What I did -- I got in my daughter's face and very sternly told her that the baby had feelings just like hers. I asked her how she would like it if someone much bigger slapped her in the face. I said the baby feels the same way. I said that the baby was MY baby and I wouldn't let ANYONE slap her, just as I wouldn't let ANYONE slap my older DD. She got the point fast. My kids are big now and they get along great.
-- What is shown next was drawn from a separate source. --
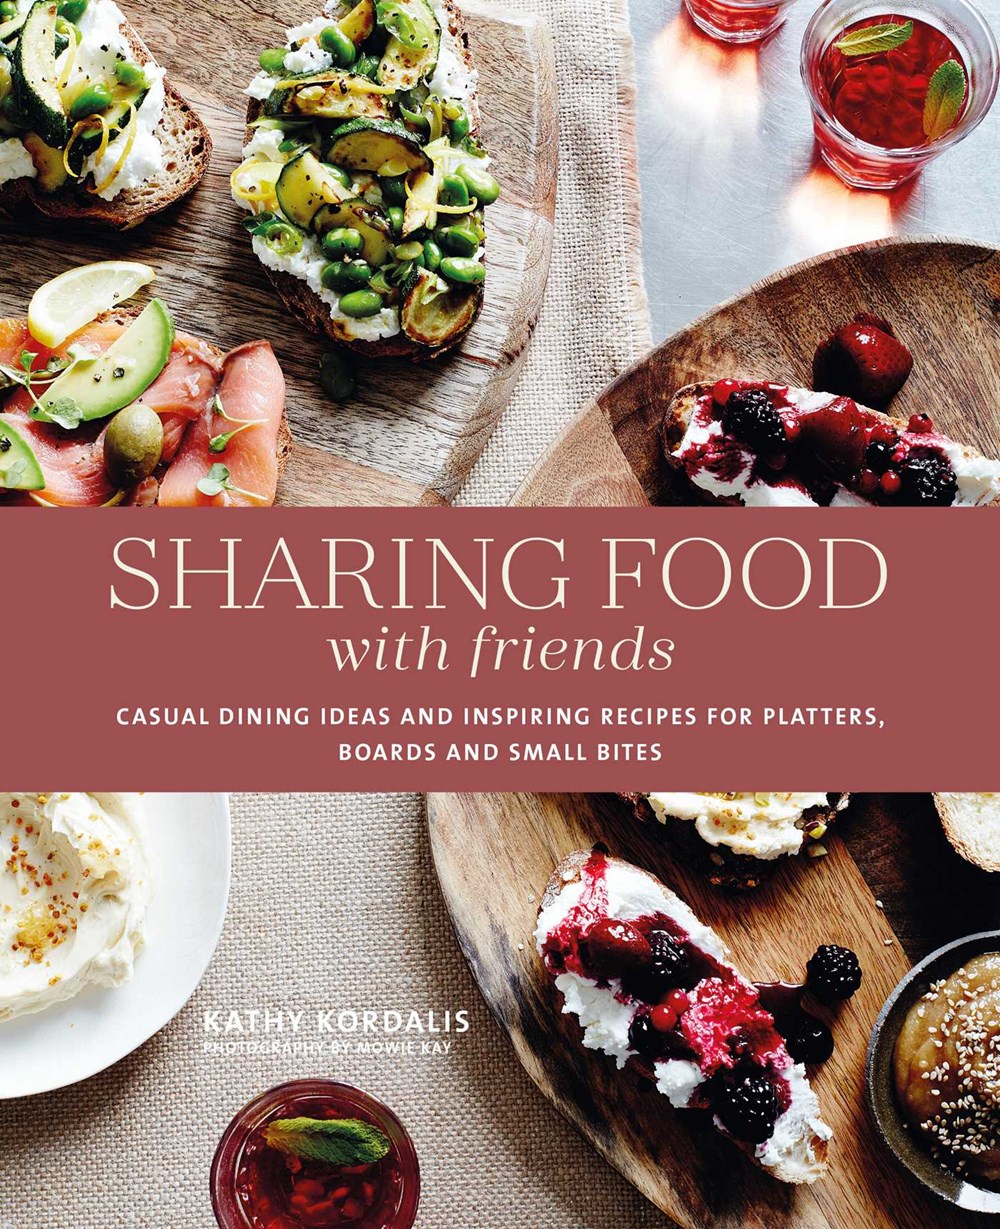 Sharing Food with Friends Cookbook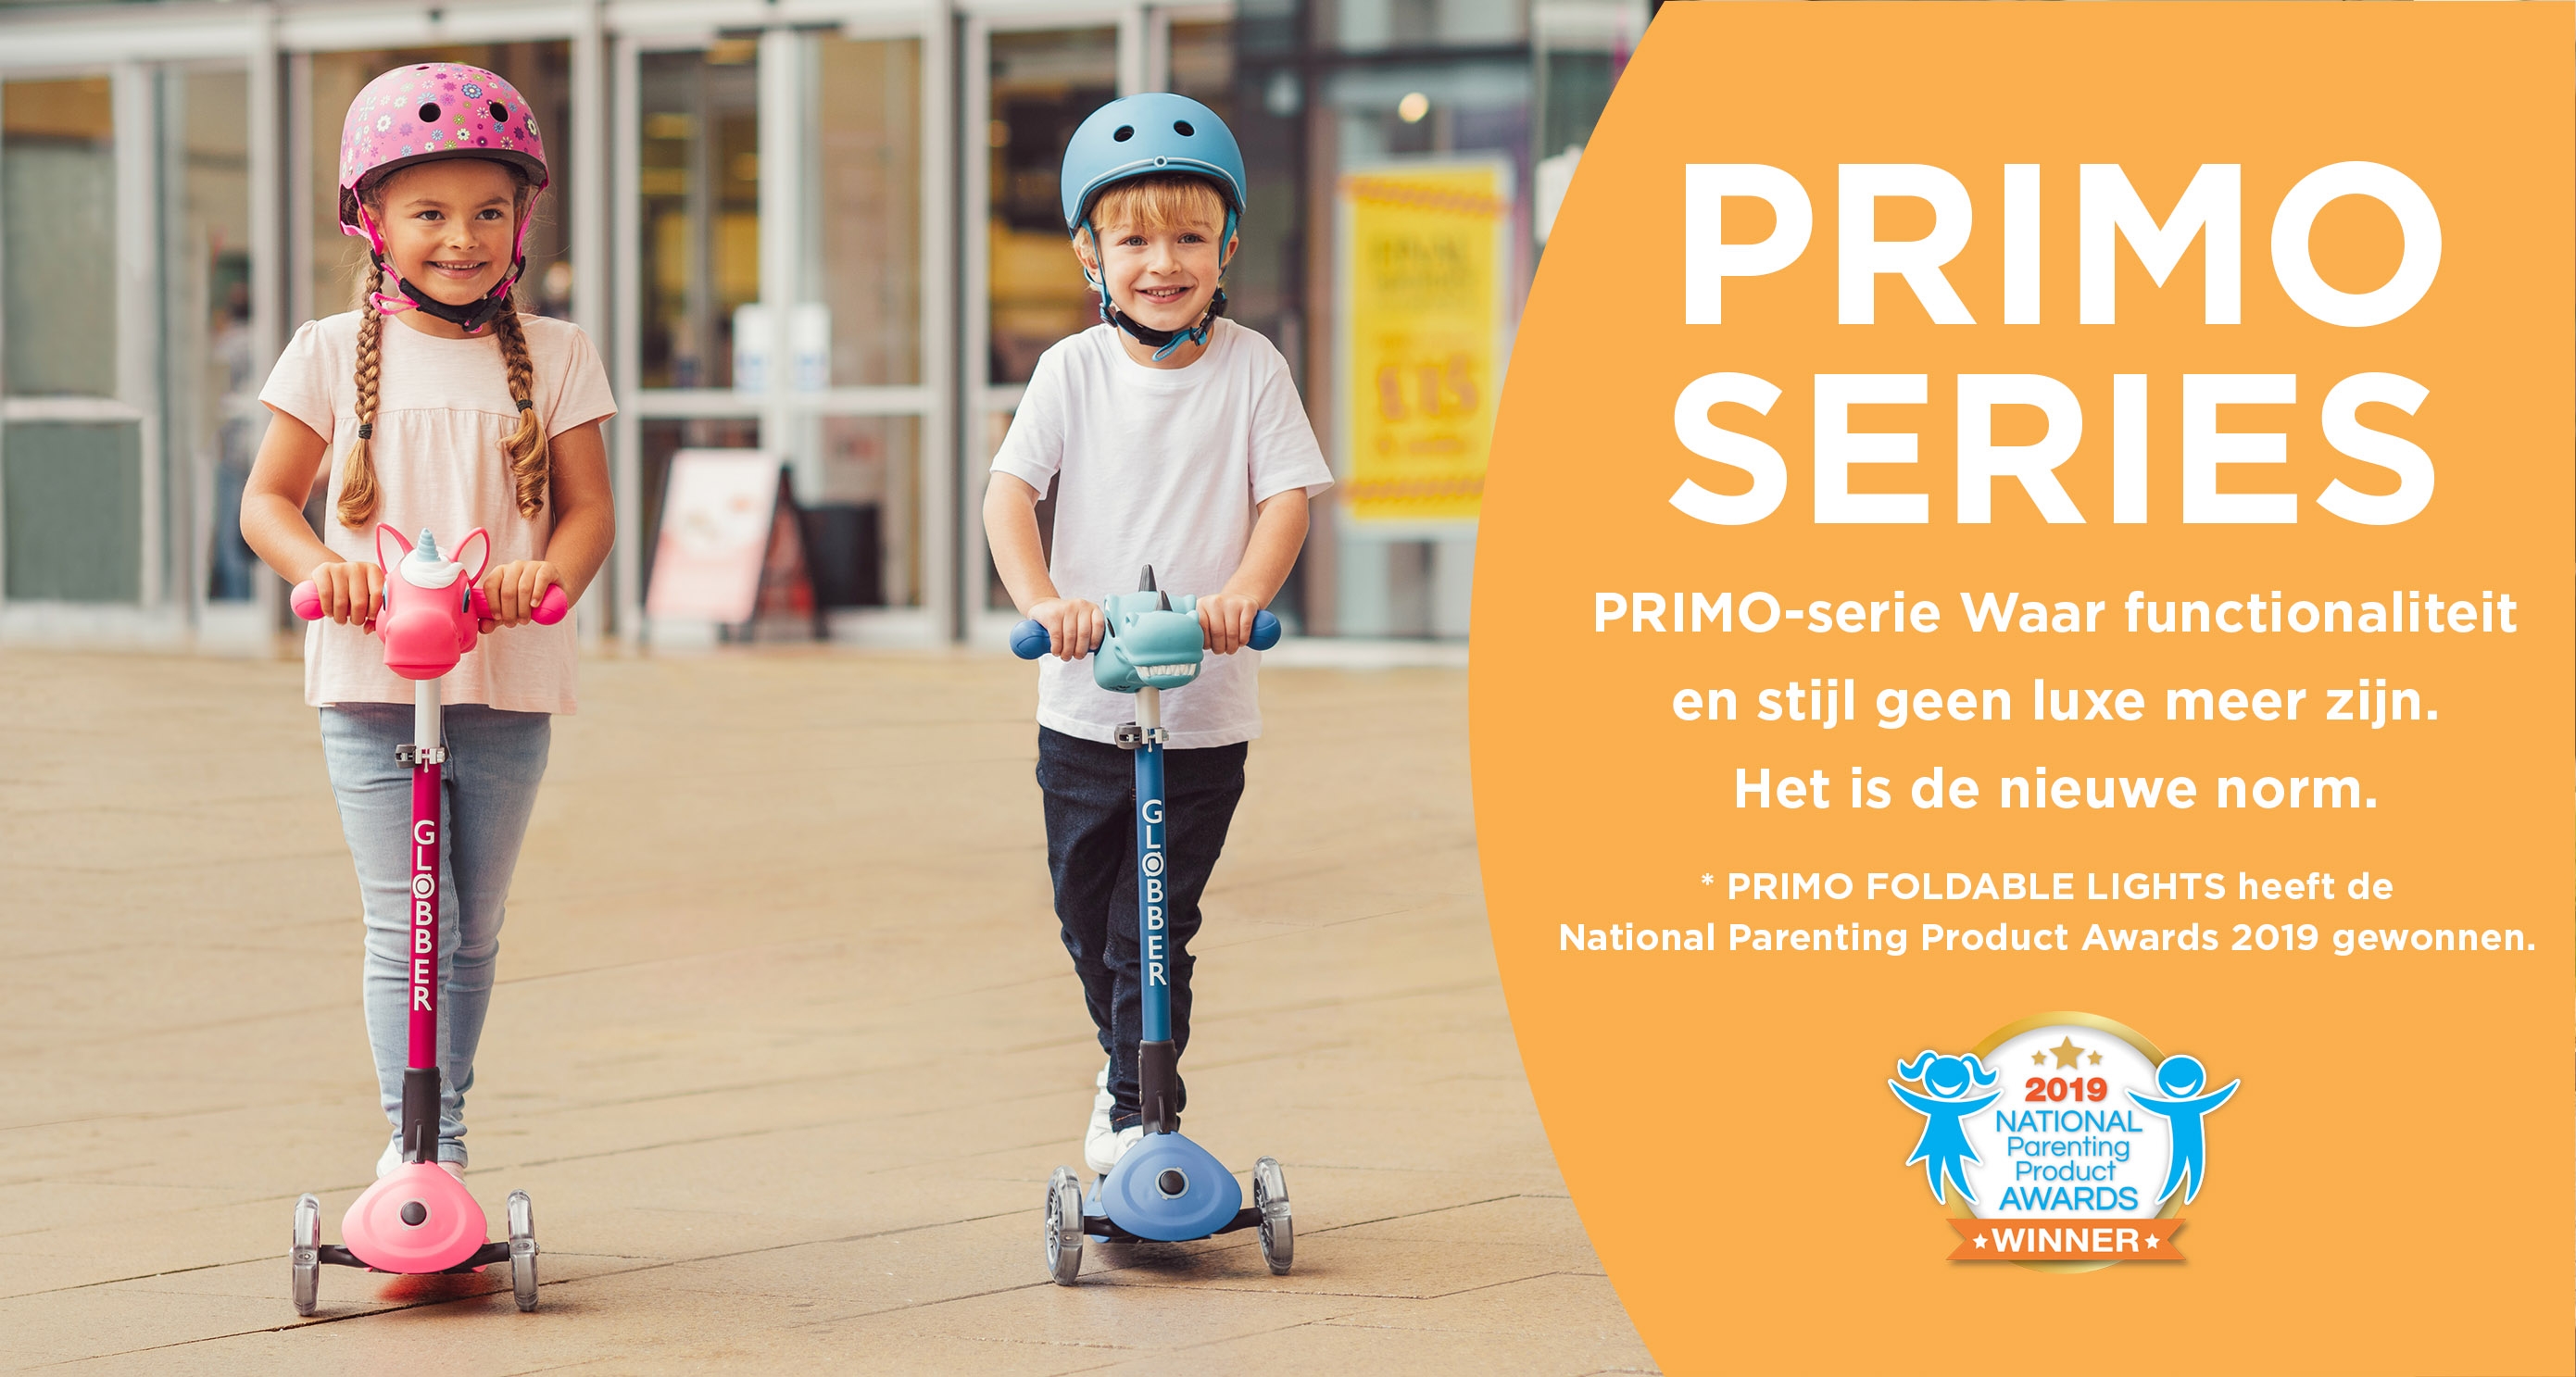 3 wheel adjustable scooters for kids

Now what I would add -- what I did worked, but now, with hind sight, I might to try to talk with my old DD about her feelings -- I wonder if for the older child the mere presence of the baby day after just drives them bonkers. I wonder if opening a conversation about these feelings would help the older child process them. I don't know, because it never occured to me at the time.


----------



## sparklemom (Dec 11, 2001)

You need the book "Siblings Without Rivalry"!!!!!!
Cannot say that enough.
Also, getting to the emotions behind the behavior is *key* . And always say "hitting is not allowed." But do not make a federal case out of it when it does happen. Be clear, and then move on. Believe the best about her... and reinforce the positive interactions she has with the baby.
It can be done. My dds are only 20 months apart. They're now 5 1/2 years and almost 4 years and are very close, and always have been. It's a beautiful thing to see to say the very least. I've always been as deliberate as possible in promoting a harmonious relationship between them.
And, again, get the book "Siblings Without Rivalry" !!!!!


----------



## kavamamakava (Aug 25, 2004)

After sternly announcing that hitting hurts and giving a reminder that we don't hit, I would take my son's hand and direct him in caressing the baby. I used the words "soft" or "gentle". Next time he would start to get rough, I just had to use the words to redirect him.
I know how hard it is to see the little one hurt







It was so frustrating to me. There were times where I had to take the baby and walk away from him because he wasn't able to be gentle enough with the baby. When I had the baby soothed and secure, I would go back to him and talk about what was going on.
My two are only 17 months apart so we couldn't even talk much about feelings. But I would usually make a point to play with him and lightly bring up that hitting hurts and we love each other and don't hit the ones we love. It didn't magically go away though. But the random hitting got better. Now I have the fights. Ugh. When he's mad, he'll whack her on the head. When she's mad, she'll pinch or bite him. It doesn't happen every day, at least.


----------